How to I set missing values for multiple labelled vectors in a data frame. I am working with a survey dataset from spss. I am dealing with about 20 different variables, with the same missing values. So would like to find a way to use lapply() to make this work, but I can't.

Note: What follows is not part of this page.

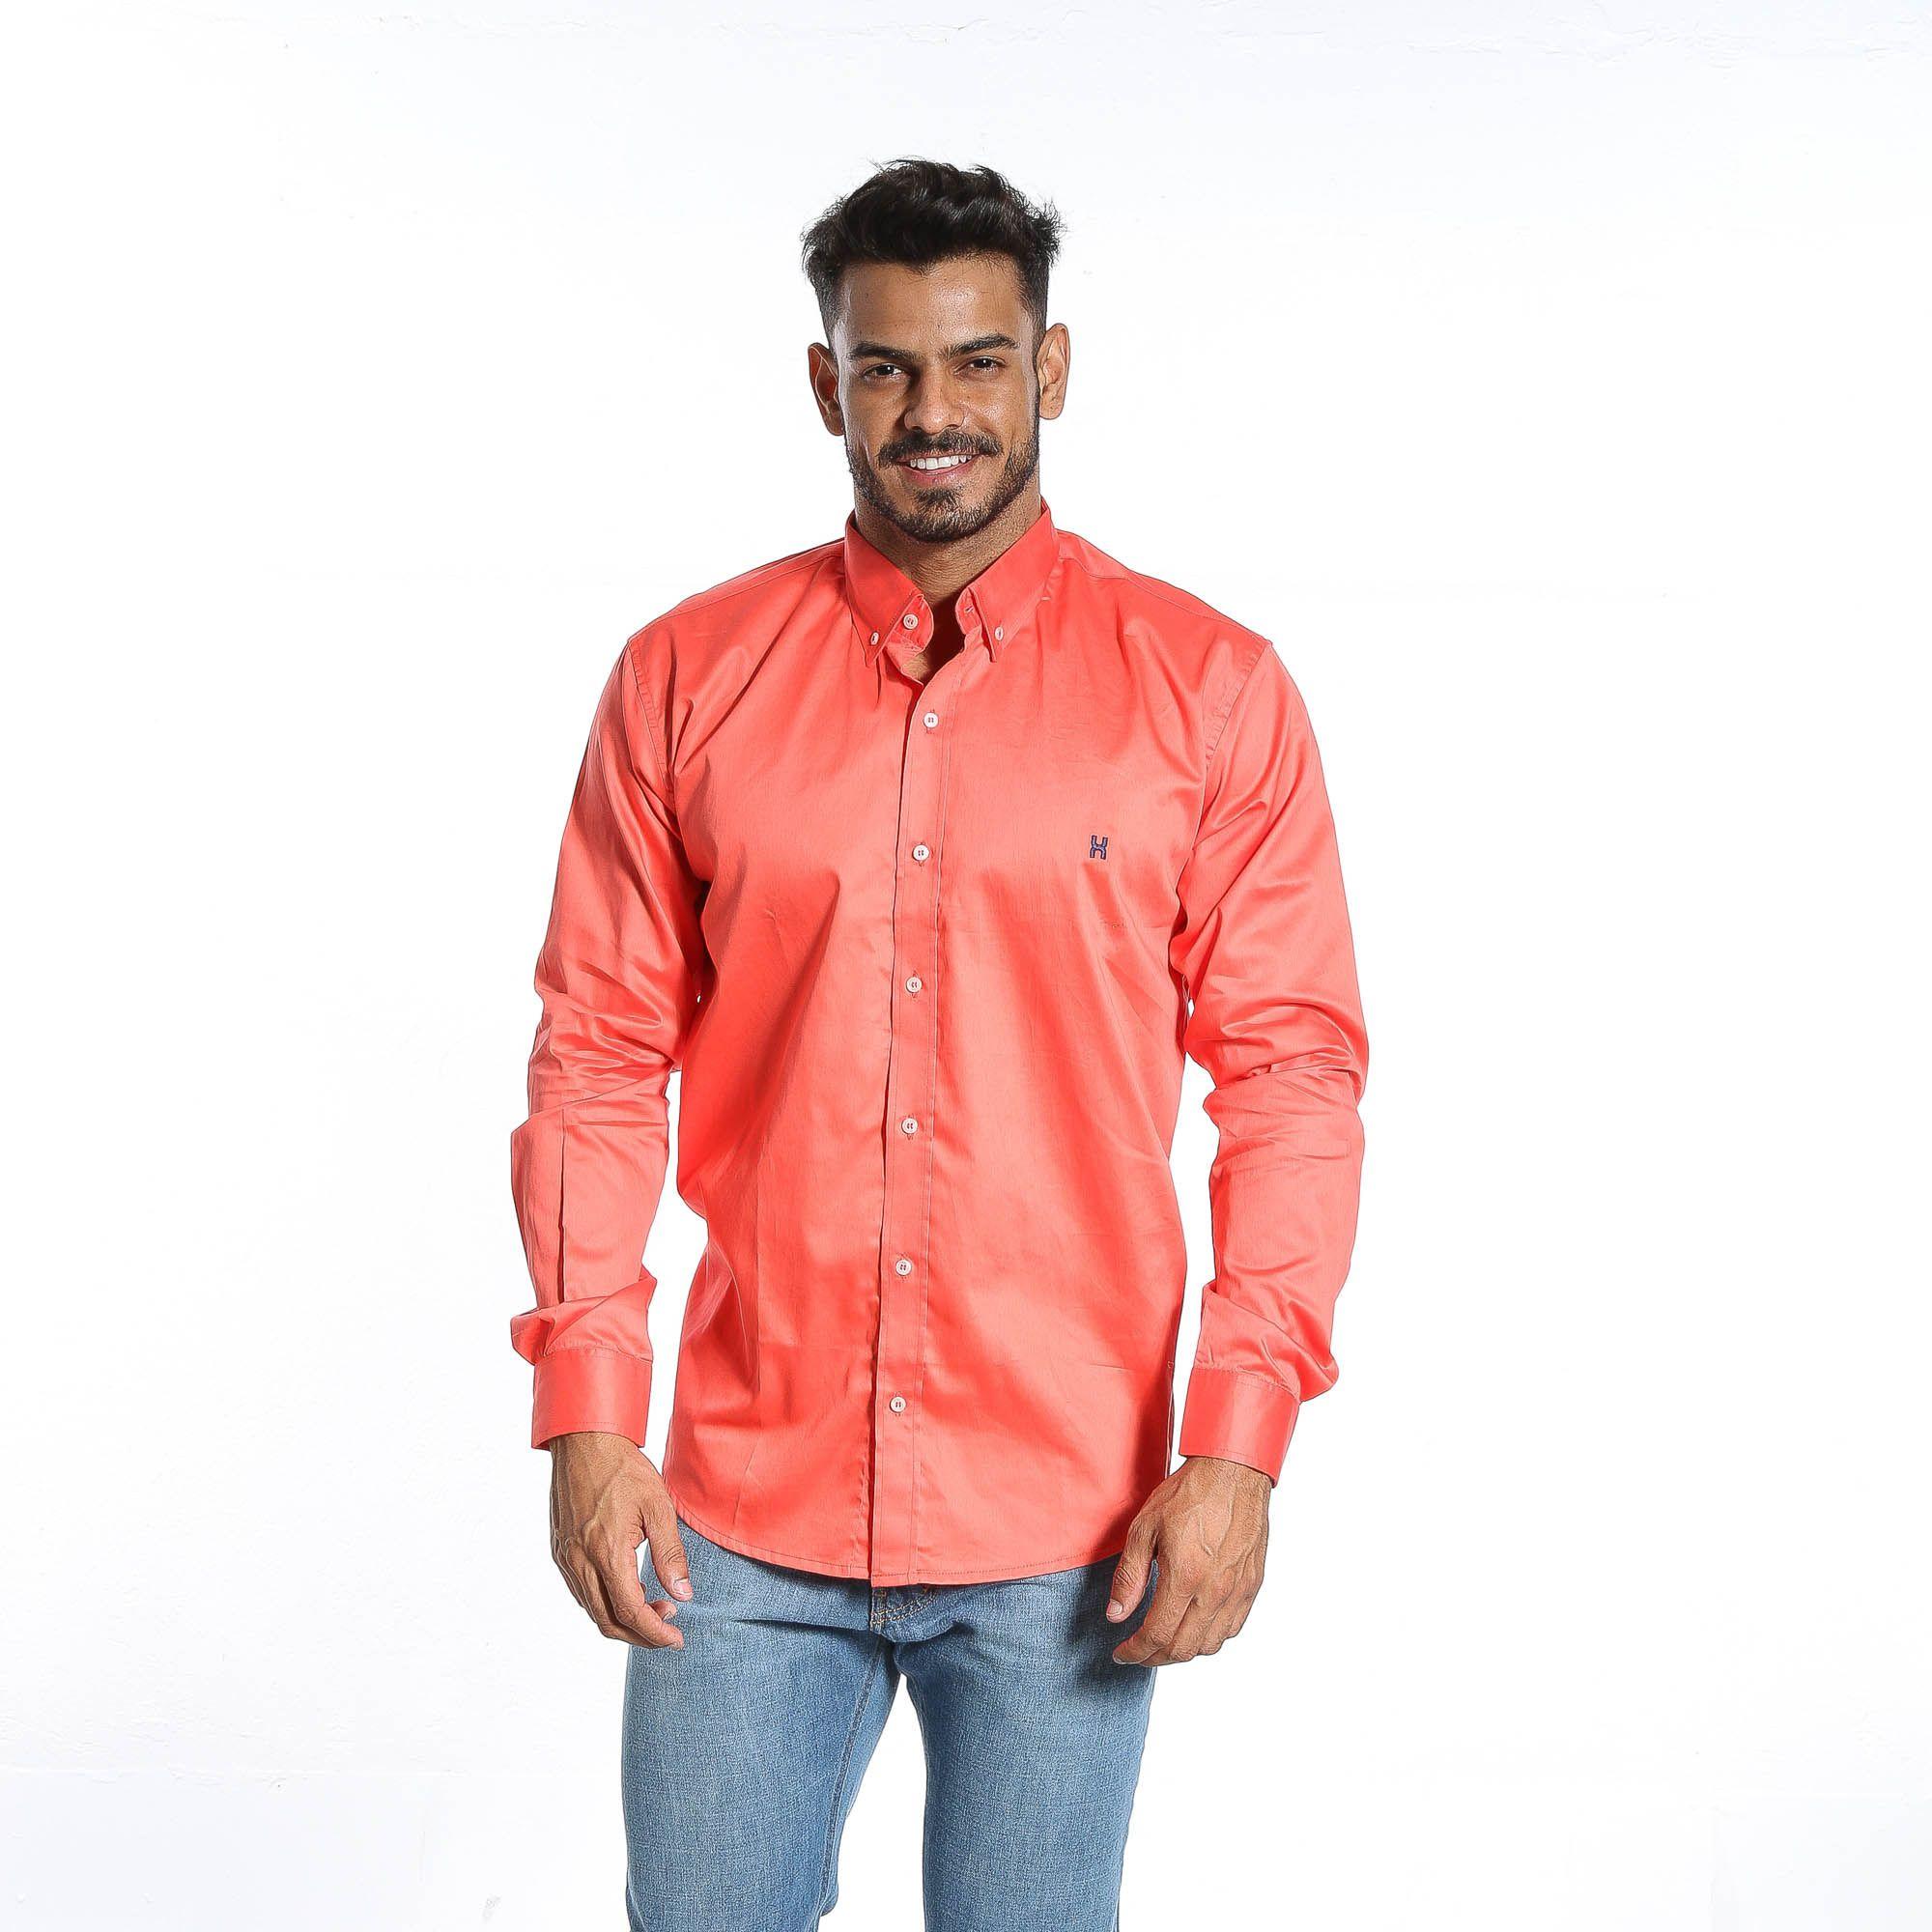 Camisa Masculina TXC 2332

I actually can do this with base R via as.numeric() and then recode() but I'm intrigued by the possibilities of haven and the labelled class so I'd like to find a way to do this all in Hadley's tidyverse
Roughly the variables of interest look like this. I am sorry if this is a basic question, but I find the help documentaiton associated with the haven and labelled packages just very unhelpful.
library(haven)
library(labelled)
v1<-labelled(c(1,2,2,2,5,6), c(agree=1, disagree=2, dk=5, refused=6))
v2<-labelled(c(1,2,2,2,5,6), c(agree=1, disagree=2, dk=5, refused=6))

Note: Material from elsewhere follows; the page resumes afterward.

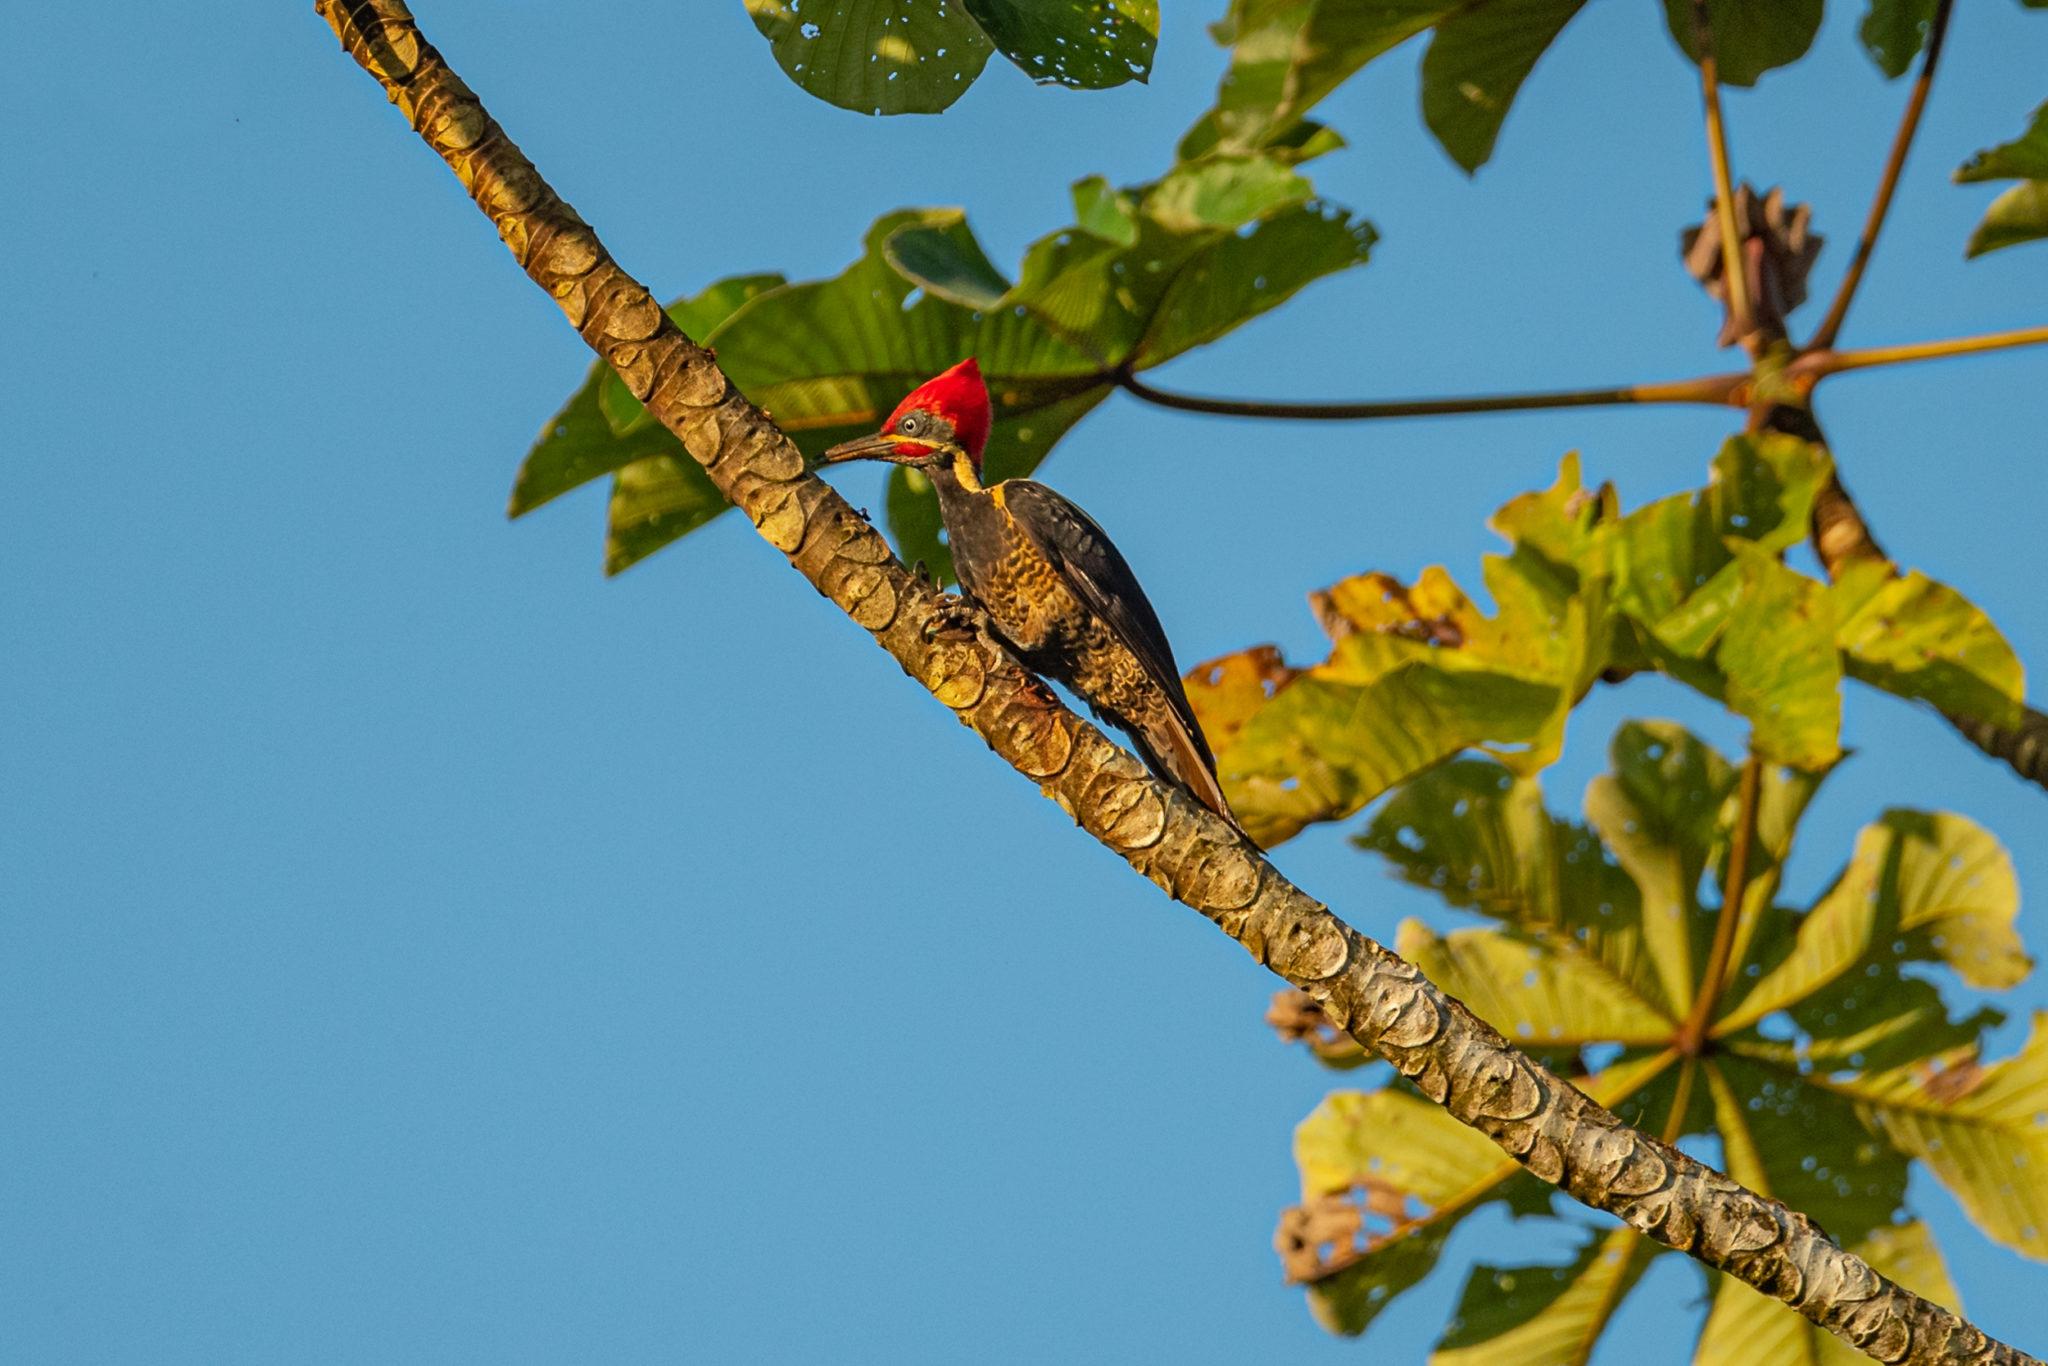 Linienspecht männlich (Dryocopus lineatus) am Rio San Carlos, Naturfotografie Olaf & Sylvia Rentzsch

v3<-data.frame(v1=v1, v2=v2)
lapply(v3, val_labels)
lapply(v3, function(x) set_na_values(x, c(5,6)))
The first argument to set_na_values
is a data frame, not a vector/column, which is why your lapply
command doesn't work. You could build a list of the arguments for set_na_values
for an arbitrary number of columns in your data frame and then call it with do.call
as below...
v1<-labelled(c(1,2,2,2,5,6), c(agree=1, disagree=2, dk=5, refused=6))
v2<-labelled(c(1,2,2,2,5,6), c(agree=1, disagree=2, dk=5, refused=6))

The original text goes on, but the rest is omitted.